1. People like Momma HBB shouldn't read my blog: Yeah, in case you hadn't noticed... I am a total heathen. For having grown up in a part of the Bible Belt, I have one of the dirtiest mouths this side of the Mississippi. I am always puzzled as to what to say next when someone asks me "do you kiss your mother with that mouth?" Um, why yes I do, thank you for asking... (I think I am leaning towards this as an answer: "Yes, I kiss my mother with this mouth... and your dad likes it too") See what I'm saying? Probably should not relay stories of my sainted mother while dropping "f" bombs, calling people morons or complaining about my bastard neighbors. I mean, where would I fit in "I love my mommy"? In a Fed Up Friday entry, or while describing Donald Trump as a douchebag? I think not. The fact is: Momma HBB is too classy a lady to be a regular subject of my writings.

2. My descriptions wouldn't do her justice: You know when you come across something magical, but you JUST can't put that magic into words to be comprehended by the masses? That is how I am when I talk about my mom. I call her my favorite girl- she is. With all the words in the English language, I cannot string together an all encompassing description that would paint the picture of what my mom means to me. I've tried. It is impossible. So, when people ask about her I say three things: we look just alike, she is my favorite girl and I want to grow up and be just like her (minus all the children and the heathen oldest daughter!) Other than that- her magic cannot be accurately described. Oh, I'll try a little further down, but no matter how flowery the words are, they will not be able to put all that Momma HBB gives or possesses into a neat little package for everyone to understand.

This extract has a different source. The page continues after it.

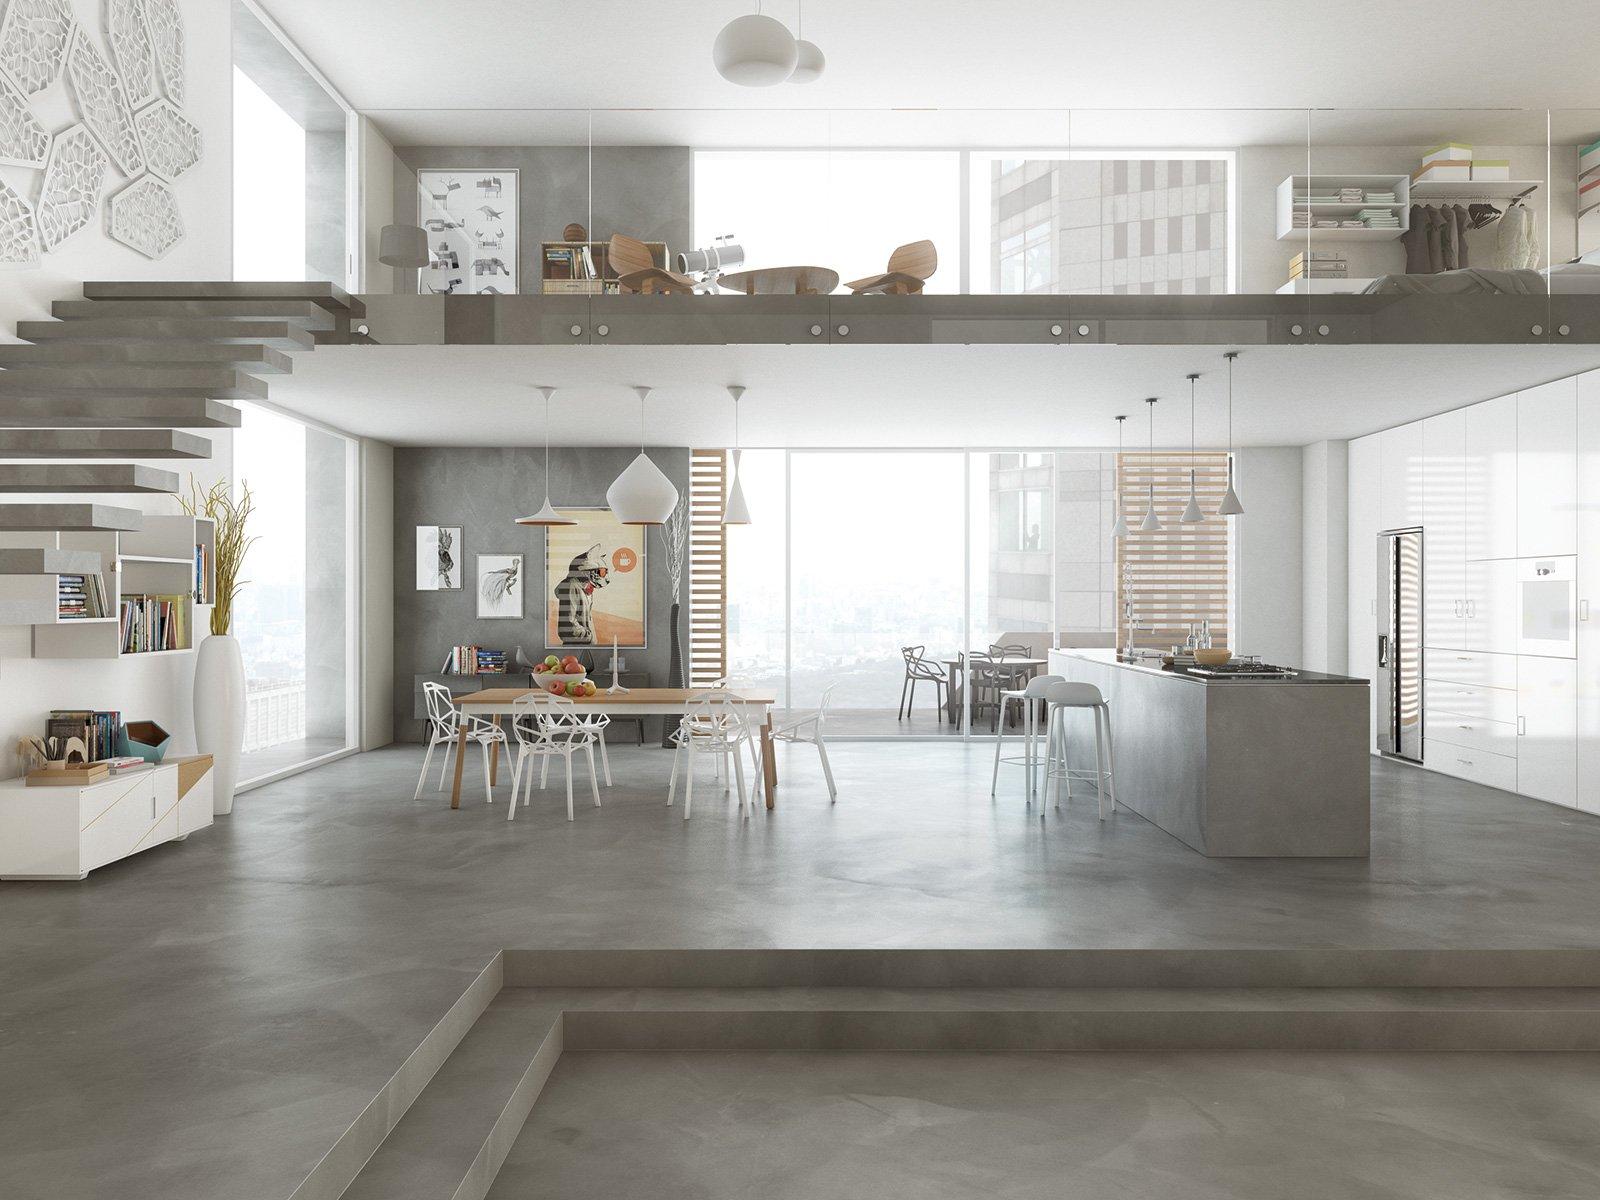 Resina rivestimenti per pavimenti pareti piani di for Piani casa ultra contemporanei

3. I don't know where to start: whenever someone is telling me a story and they say "I just don't know where to start" my go to comeback is "start at the beginning" (because I'm a smart ass- duh!) but when it comes to my mom, that is easier said than done. Let's see: the beginning, ok. My mom is a genius- granted, I think I am a brainiac, but mom? She graduated high school at 16. Me? 18. She is beautiful- and I am SO very lucky that we look so much alike, because I know exactly what I will look like when I am her age (thank the Lord!!) She is more compassionate than I'll ever be, definitely more patient, more fabulous with kids, WAY better in the kitchen, more understanding... she is just MORE.

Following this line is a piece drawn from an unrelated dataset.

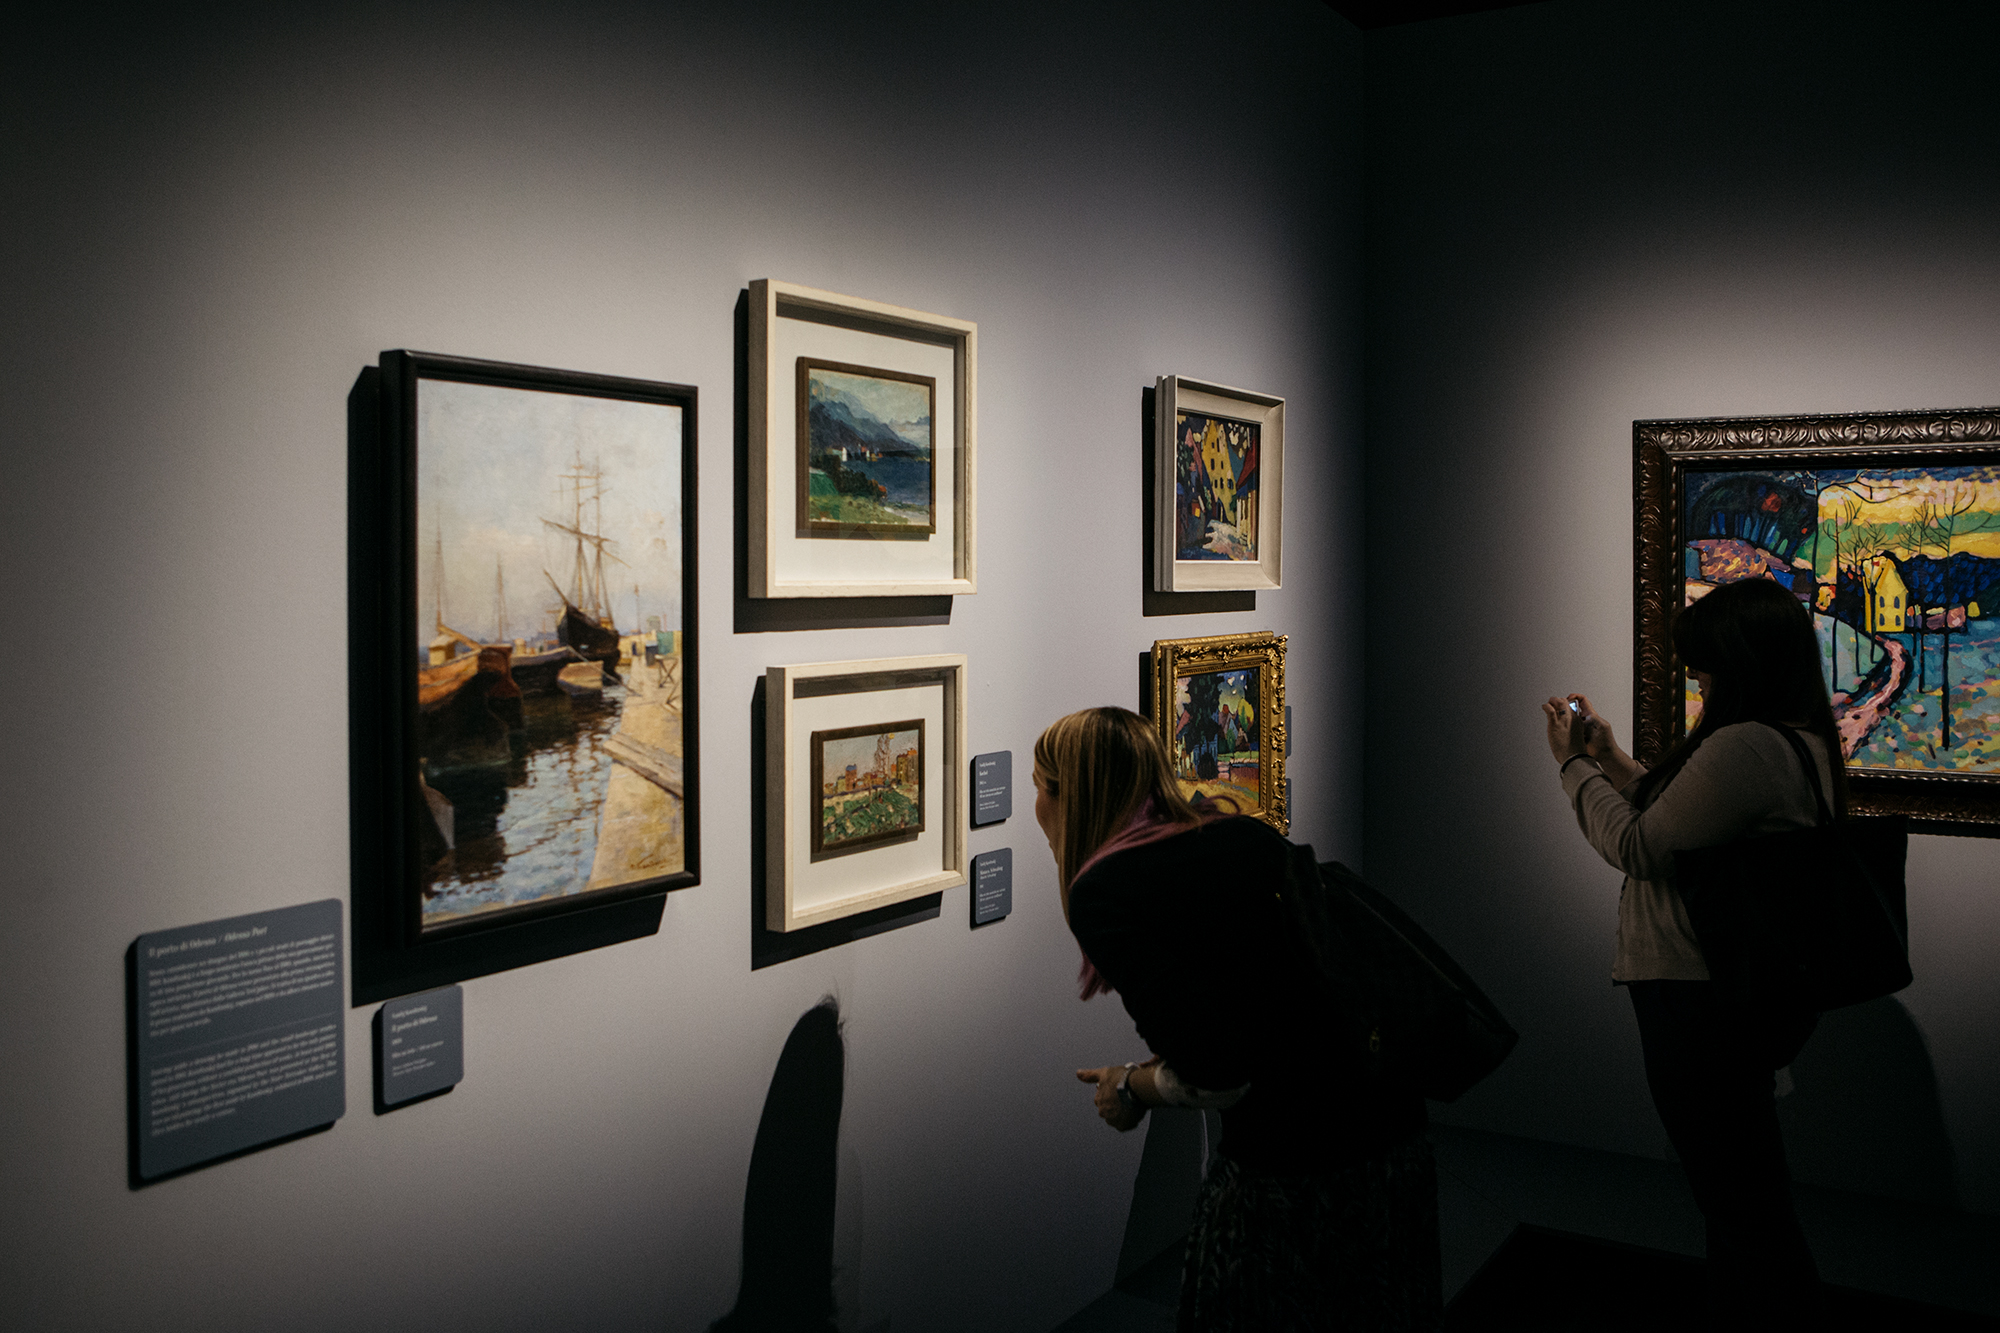 Le opere, alcune delle quali mai viste prima in Italia, provengono dai più importanti musei russi come l'Ermitage di San Pietroburgo e la Galleria Tretyakov di Mosca

I am not leaving a clear picture of my mom in this entry... I'll try again. Momma Hot, Black and Bitter is a wife, a listener, a disciplinarian, a hard worker, a go-between, skilled in chaotic organization, she knows everyone's birthday and middle name (and in our family- that is ALOT), a sweetheart, a fighter for her family (example- I know I'm a heathen and she might know it too, but I dare you to tell my momma that I am-- she will get you!), the BEST example of what a mom is supposed to be, considerate, care taker, boo boo kisser, a teacher, diaper changer (you read that right-- my youngest brother is still in diapers), comforter, a handy woman, potty trainer, doctor appointment maker and keeper, snuggler, dog wrangler, kid chaser, language master (she can understand the little kids better than anyone I know), human thermometer, the best JoJo, consummate host (eat your heart out Martha Stewart), cuddler, laundry expert, a taxi driver, medicine dispenser, cleaner, advice giver, humble, a cooker (and a feeder), bandage expert, the person you want praying for you, a balancer of crazy. She puts up with crying... from me... over the phone (enough said!) She never gets a day off. She has a smile that will brighten up the darkest room, a voice that sings "You are My Sunshine" better than any other person on the Earth, she loves surprises and decorating for Christmas (mom- the neighbors do NOT know that you compete against them every year with your Christmas decorations...). She appreciates effort, loves clean babies, good report cards, kids fresh from the shower (properly greased!), and me- she loves me! And I love her back. :) She. Is. Perfect... and she is all mine. Well, I do share her with a bunch of kids and dad, but you get the idea. I am so glad that we belong to each other and I hope that one day I can pay her back for all her hard work, by being the most wonderful Hot, Black and Bitter I can be!

Happy Mother's Day to my favorite girl! I love you!!